Source data ::
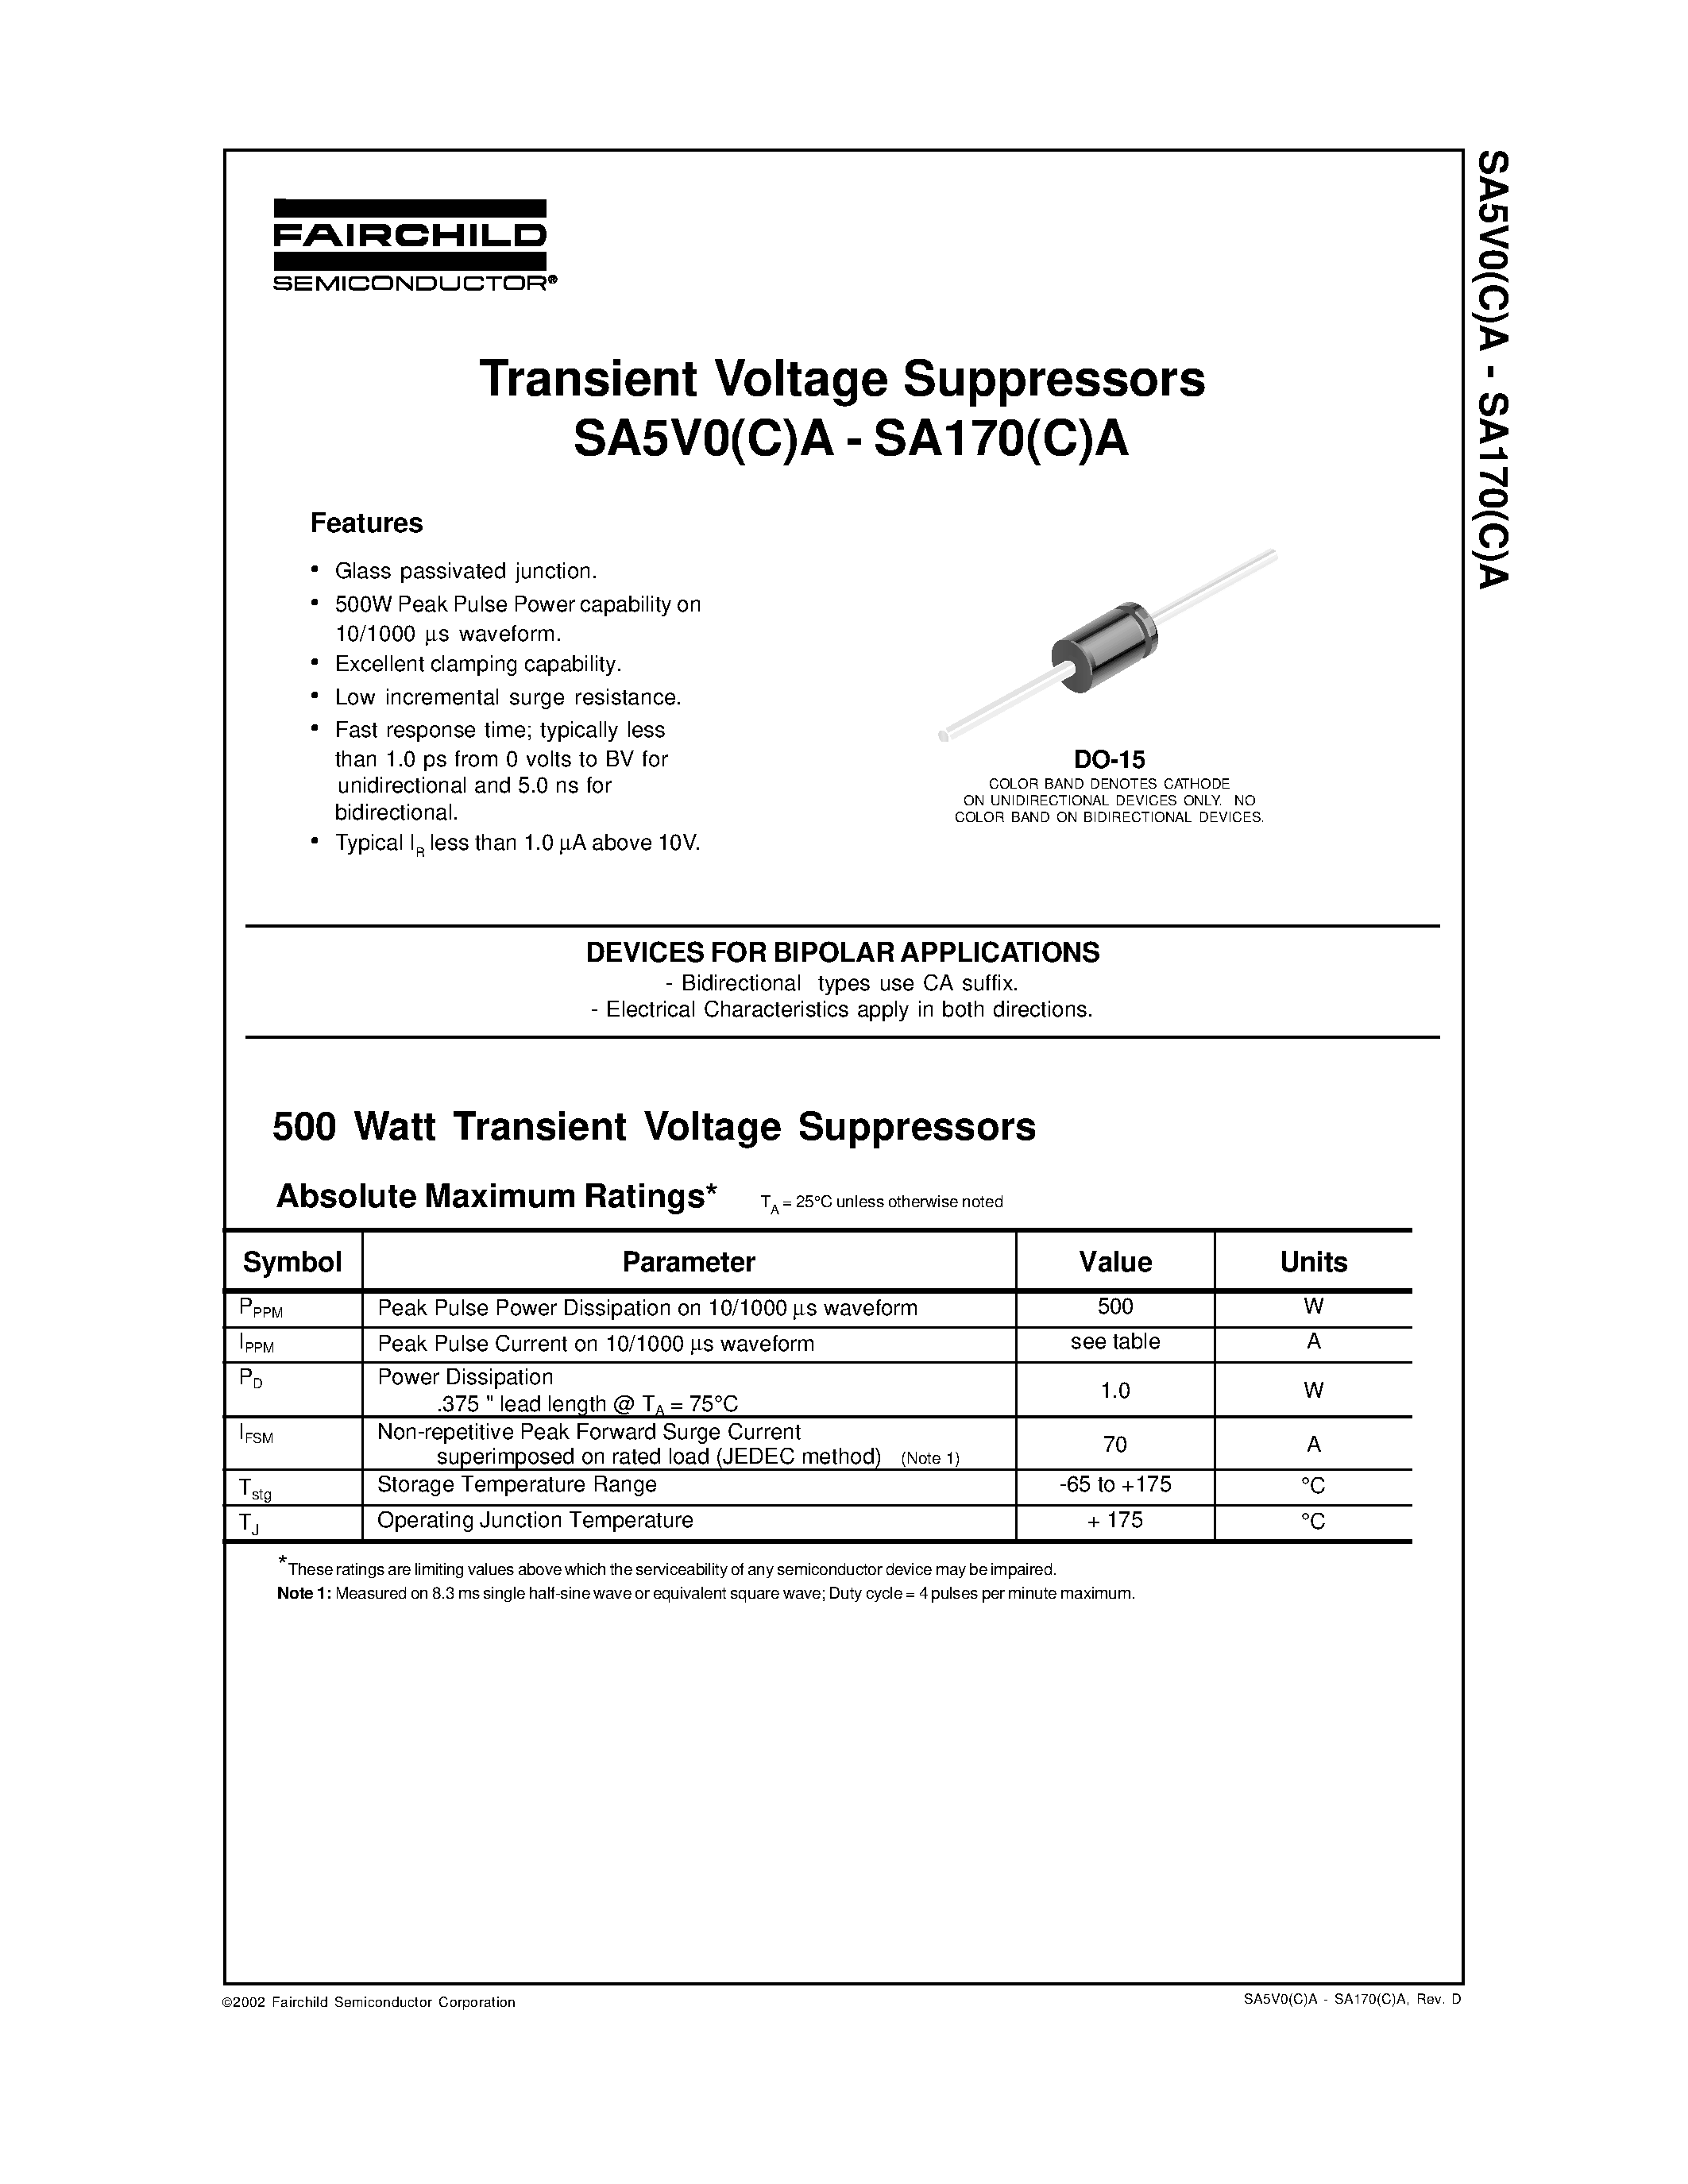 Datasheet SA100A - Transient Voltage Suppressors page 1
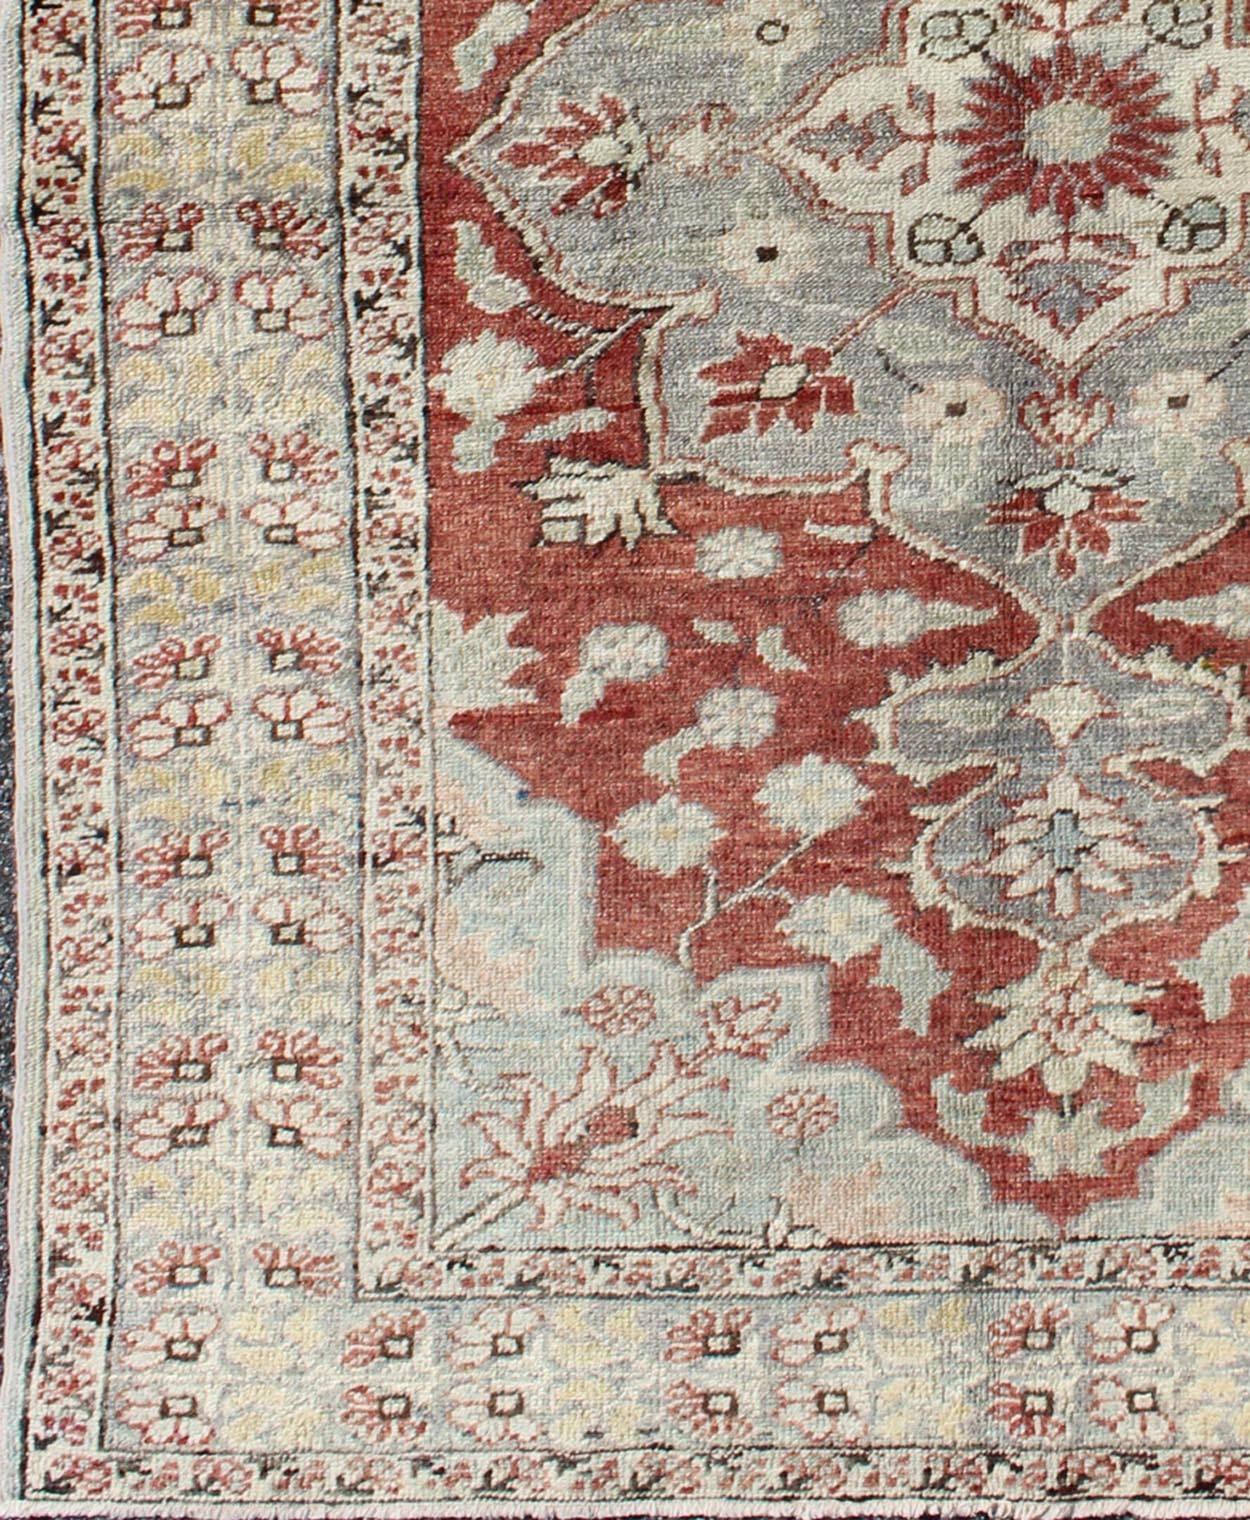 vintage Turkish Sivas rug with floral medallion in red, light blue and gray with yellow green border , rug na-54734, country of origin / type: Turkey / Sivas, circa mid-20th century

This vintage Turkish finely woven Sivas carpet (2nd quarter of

What to produce ::
When repeating the material above, keep every line exact and drop all pictures.

Response box ::
 Datasheet SA100A - Transient Voltage Suppressors page 1
 vintage Turkish Sivas rug with floral medallion in red, light blue and gray with yellow green border , rug na-54734, country of origin / type: Turkey / Sivas, circa mid-20th century

This vintage Turkish finely woven Sivas carpet (2nd quarter of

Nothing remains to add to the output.